Крайне рекомендуется рядом с каждым пунктом списка особенностей указывать список версий дистрибутивов, в которых эти особенности замечены.
Принятые сокращения
- ALS — ALT Linux Server
- ALD — ALT Linux Desktop
- ALJ — ALT Linux Junior
- ALC — ALT Linux Compact
- ALM — ALT Linux Master
Далее может следовать номер версии. Например, ALM2.4 — ALT Linux 2.4 Master. Привязки по времени можно посмотреть здесь.
Также используется сокращённое обозначение веток Mxx — например, M40 для ветки 4.0.
Не помеченное, как правило, относится ко всем дистрибутивам ALT Linux («издревле»).
Особенности
общего плана
- Обширное русскоязычное сообщество
- Существенно доработанный RPM — изначально
- Адаптированный вариант apt-get как высокоуровневое средство управления пакетами — Spring 2001+
- Несколько вариантов ядер
- Сборка пакетов из git-репозиториев в hasher
- Система alternatives родом из Debian
- Инитскрипты с использованием start-stop-daemon (из Owl, в оригинале из Debian) — ALC2.3+
- Аккуратная разбивка софта на подпакеты вместо крупнопанельной а-ля Red Hat, более строгие зависимости
- Отличное качество сборки многих пакетов[1] (патчи, дефолтные конфиги, readme, локализация)

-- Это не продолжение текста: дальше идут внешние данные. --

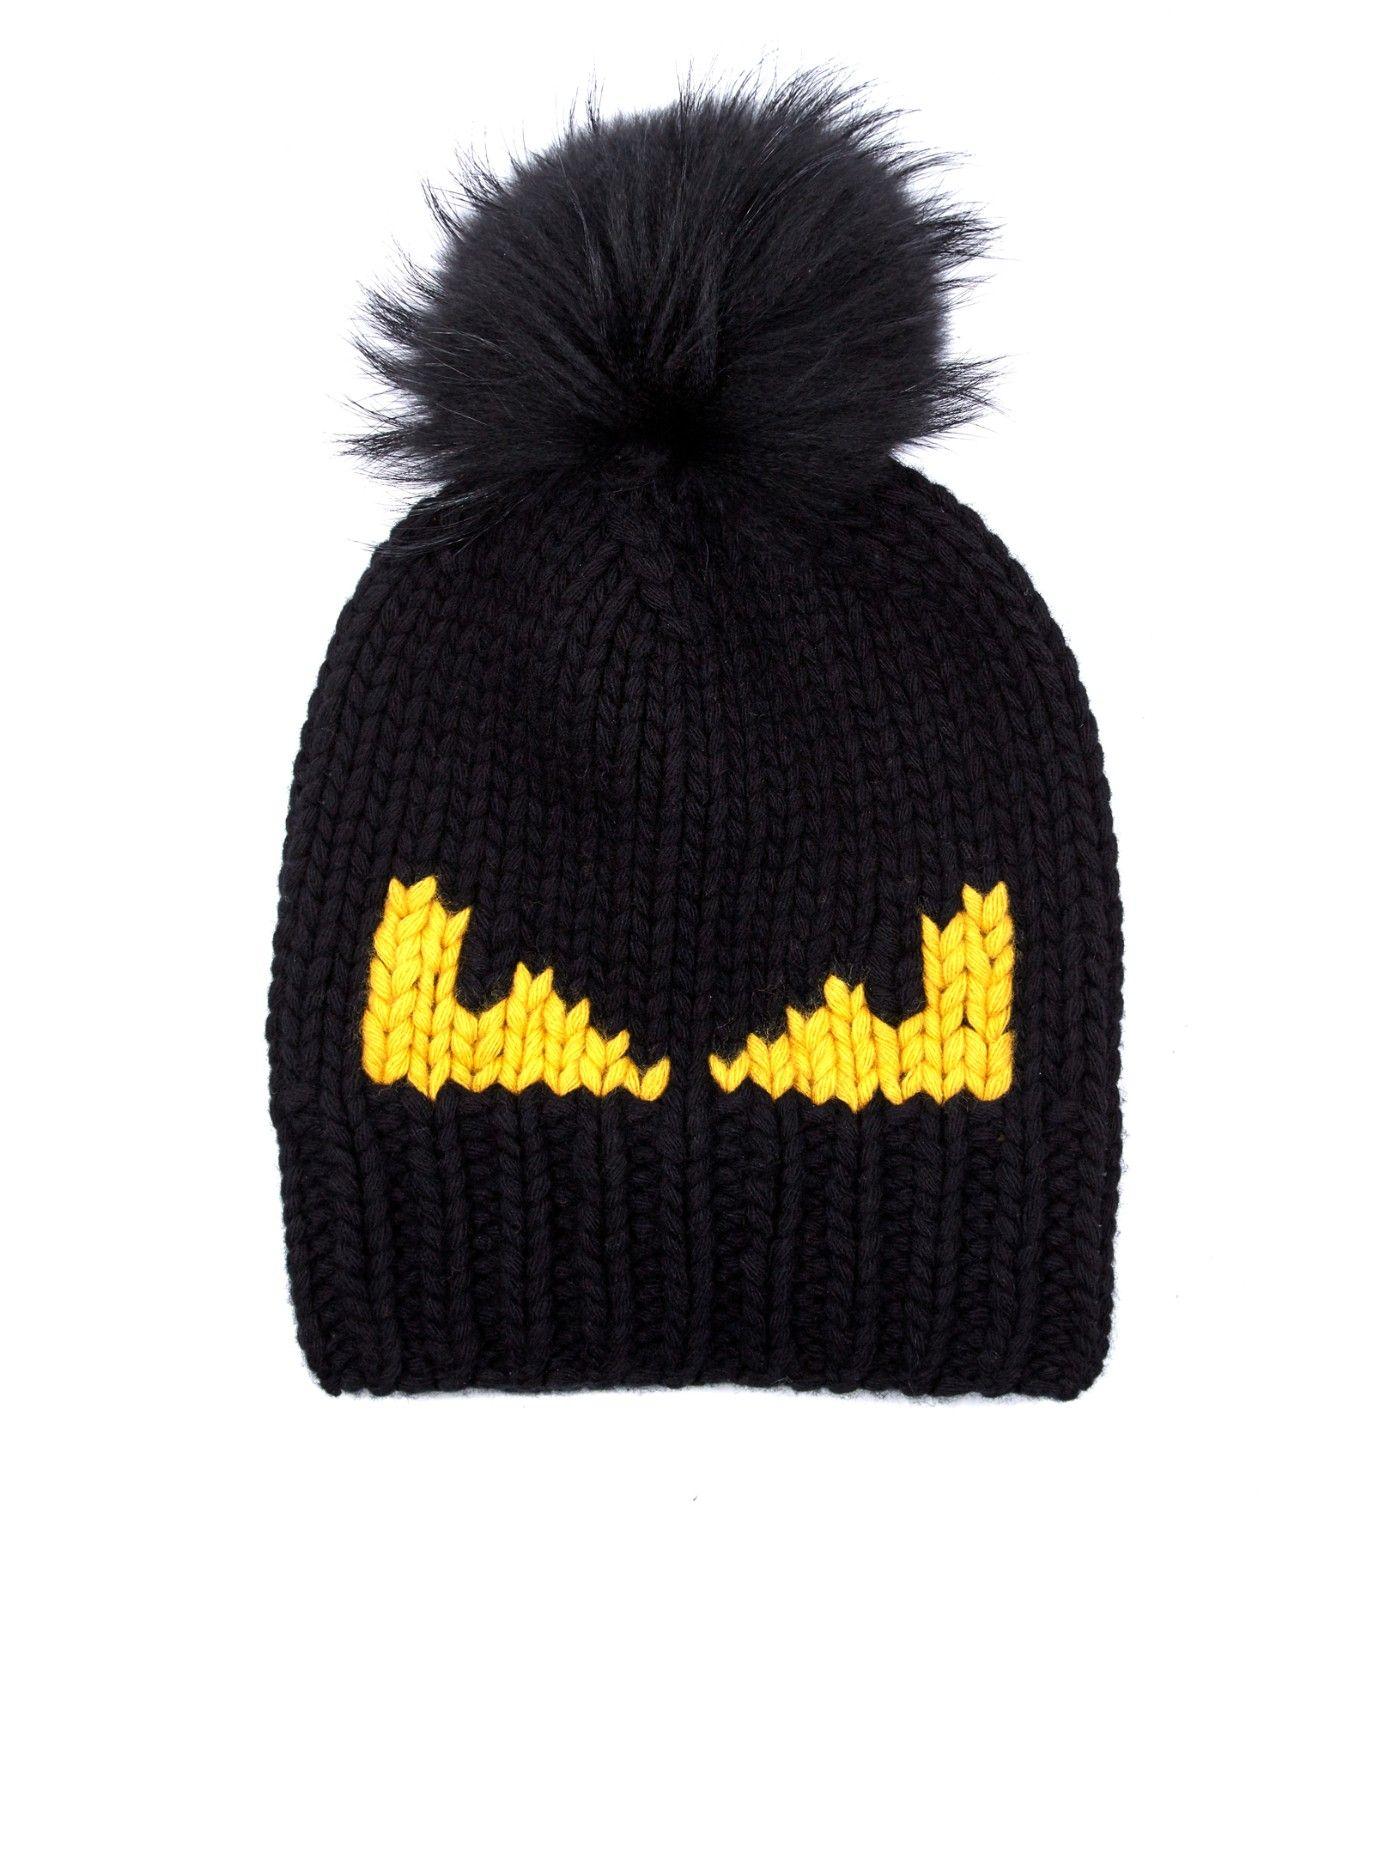 4e44cc55965 Monster-intarsia wool-knit beanie hat

- Мощная модульная система управления настройками системы Alterator — ALC3.0+
- На основе бранчей и репозитория Sisyphus возможна сборка собственных специализированных дистрибутивов и LiveCD/LiveFlash; все инструменты (spt, mkimage) для их создания открыты.
- Неплохая безопасность и вирусоустойчивость текущих дистрибутивов.
server/security
- Пакеты собраны с PIE и FORTIFY_SOURCE=2; при сборке доступны strlcat(3) и strlcpy(3) — M40+
- Сервисы в chroot с широким применением разделения/понижения привилегий (privsep)
- Отключение core-файлов
- Сервисы по умолчанию обычно отключены и/или слушают на 127.0.0.1
- Поддержка системы виртуализации OpenVZ «из коробки» — ALS4.0
- tcb(5) вместо shadow (пароли в /etc/tcb/, см. тж. пакет tcb-utils) — ALM2.0+
- etcnet в качестве современного iproute2-based средства управления сетевыми интерфейсами — ALC3.0+
- sshd по умолчанию сконфигурирован не пускать обобщённого root — издревле; в M40+ — пускает, но по ключу
- OpenWall/altsec-патч в ядре — ALM2.0+; отсутствует в M40
- sudo использует фиксированный PATH, включающий /sbin и /usr/sbin[2]. — ALM2.4+
- control(8) обеспечивает контроль для доступа к различным системным сервисам; это штатный способ системно управлять SUID/SGID-битами на бинарниках из пакетов с сохранением такого состояния при обновлении.[3]. — ALM2.4+
О команде
YAS> Впрочем, я уже понял, что в YAS> определённый момент перед пользователем ALT встаёт выбор -- менять YAS> дистрибутив или становиться мантейнером. Я бы сформулировал это немного по другому ... В определенный момент времени, когда пользователи других дистрибутивов начинают думать о замене дистрибутива, пользователи ALT приходят к осознанию необходимости что-либо собирать и пересобирать из исходников. Если у них это получается, и их труд нужен не только им, они становятся маинтейнерами ... И действительно, лучше дополнить ALT, чем каждый раз искать дистр, в котором есть то, что вам нужно... И потом материться, из-за того, что в неком дистре есть то, чего не было в предыдущем, но нет того, что было ... Сперва "сам себе режисер"... А потом и другим помощь :)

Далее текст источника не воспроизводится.